- Occupation: Dog trainer

= Mary Ray (dog trainer) =

Mary Ray is a professional dog trainer located in the UK. She is generally credited with creation of heelwork to music in the United Kingdom.

==Obedience==

Ray has qualified nine dogs to work Championship ‘C’ Obedience; seven Border Collies and two Belgian Shepherds (Tervurens). She has won 59 Kennel Club Obedience Challenge Certificates with five of her dogs and 38 Reserve Certificates. Ray's Belgian Shepherd, Roxy, was the first Belgian Shepherd in the UK to become an Obedience Champion and she also won the Bitch Obedience Championship at Crufts. Ray's also very well known Border Collie Red Hot Toddy was the winner of the Dog Obedience Championship at Crufts.
The other main British obedience competition culminating in a final was the Pro Dogs Obedience Stakes. A dog was only allowed to win this competition once in its lifetime and Ray won this on two occasions, once with Toddy and once with Roxy. This competition has now been renamed the Open ‘C’ Charity Competition.

==Agility==

Ray's agility career started in 1980, just after the birth of agility in the UK. She has either won or been in the finals of every major sponsored British agility competition. This included winning the prestigious Pedigree Agility Stakes with her Border Collie Pepperland Hot Chocolate. She holds the record for qualifying the most dogs on the most occasions for this prestigious final from c. 1982 to 2006. She has also been a member of the Rugby Dog Training Club agility team, which has competed at the Crufts Team Agility Finals on many occasions and a member of the winning team on two occasions, the last being 2004. Ray was also a member of the team that qualified for Crufts 2000. She has also been a member of the Rugby Dog Training Club Crufts Flyball Team, competing in the finals at the Crufts Dog Show.
At Crufts in 2004, Ray and Myndoc Simply Teena were winners of the Crufts Mini Agility Championships (Tina is owned by Mrs Shirley Turner but handled and trained by Ray).

==Heelwork to music==

Although there are conflicting stories about where heelwork to music started, because some groups of obedience enthusiasts trained with music playing in the late 1980s, the first person who actually put together a public performance of heelwork to music was Ray, at a demonstration event in 1990. She did this again in 1992 and thereafter has done it every year (as of 2006) at Crufts. Since c. 1998, Ray has given a demonstration in the Main Ring at Crufts on Best in Show Night, televised by the BBC. It was announced that the 2018 event would be Mary Ray's final Crufts heelwork to music performance.

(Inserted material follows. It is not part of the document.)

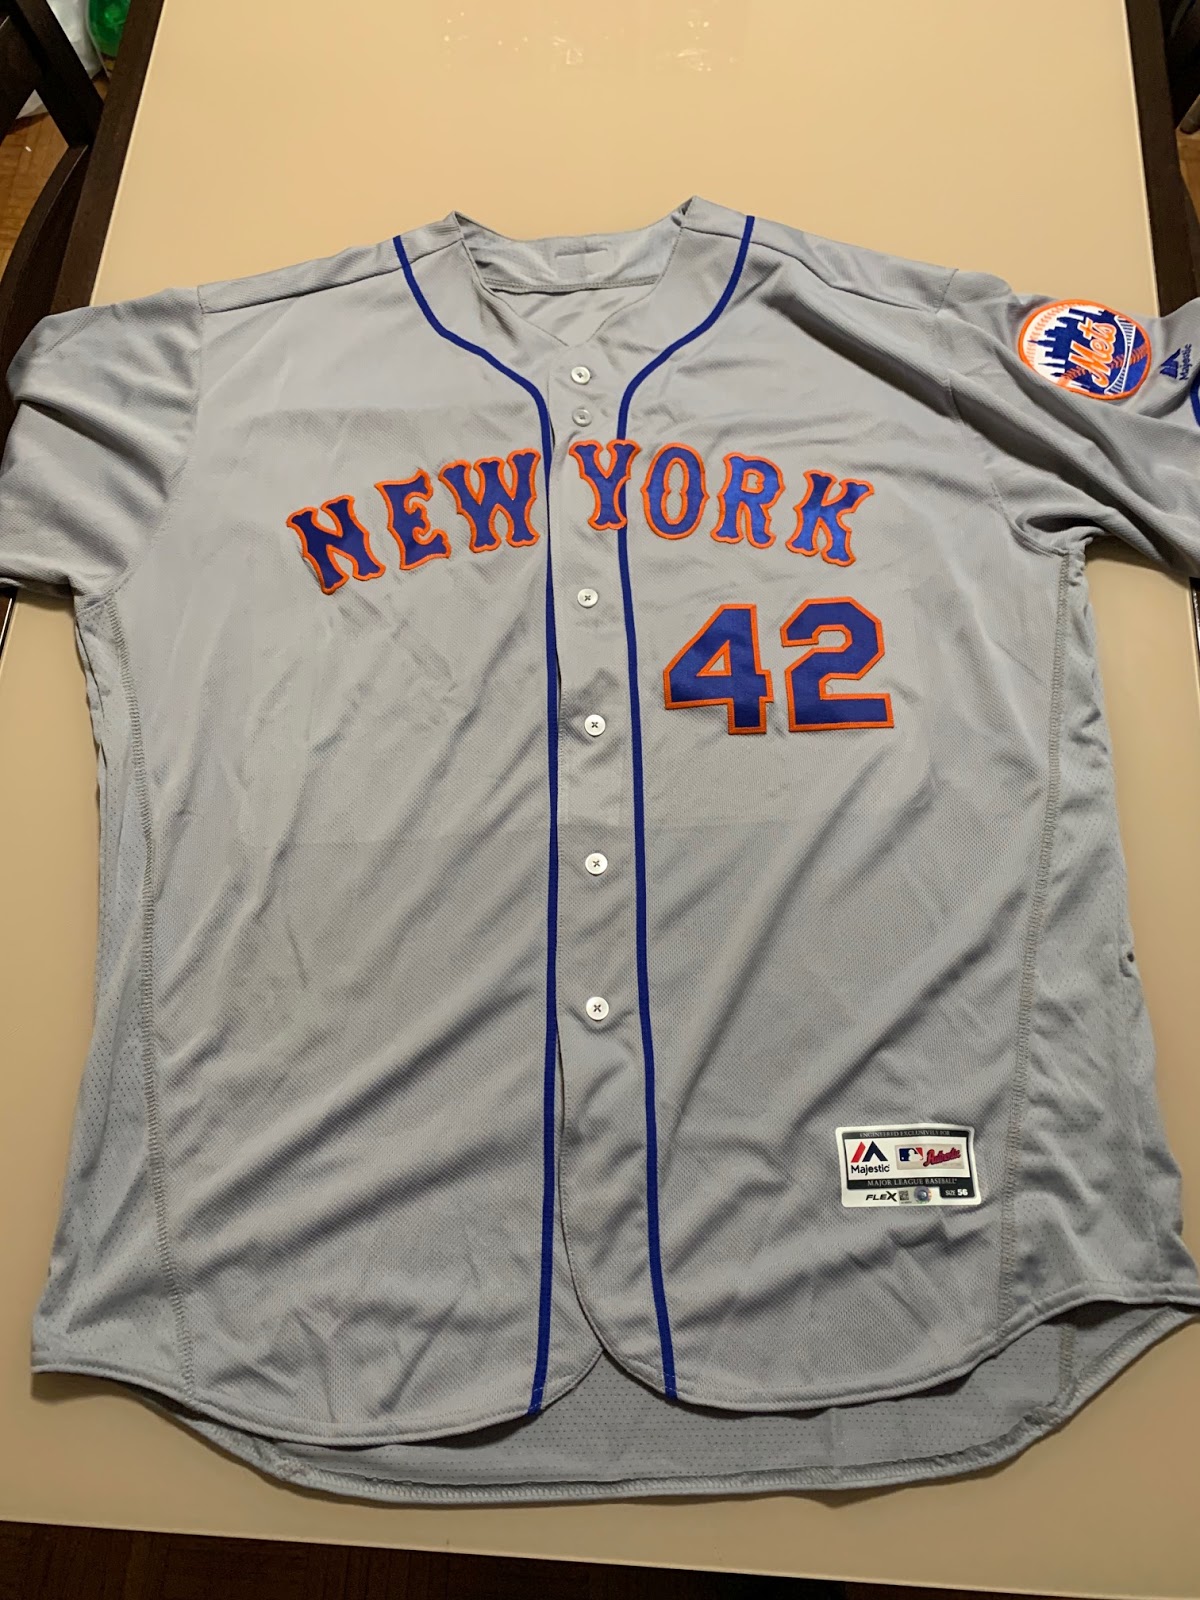  HISTORIC Big Sexy Bartolo Colon Mets Jersey up for sale.  This is the one where he tied Pedro Martinez for most Career wins

==Television appearances==

Ray has appeared on many television programmes, including Blue Peter, (a BBC children's TV programme), twice on Jim Davidson's Generation Game, The Big Breakfast on Channel 4 and three times on the leading morning programme, Richard and Judy. Ray's heelwork to music routine is featured, live from Crufts on BBC1 every year (as of 2006).
During 2003, Ray featured as the lead trainer in an episode of Faking It. Rob Archer, the subject of the programme, spent almost three weeks living with Ray and husband, Dave, at their home. When it was broadcast in early 2004, it had the largest audience ratings for any Faking It show to date.

Ray has been married to her husband, Dave, since c. 1979. They live in Rugby, UK. As of 2006, their family consisted of eight dogs (no children): five Border Collies, a Lurcher and two Shetland Sheepdogs.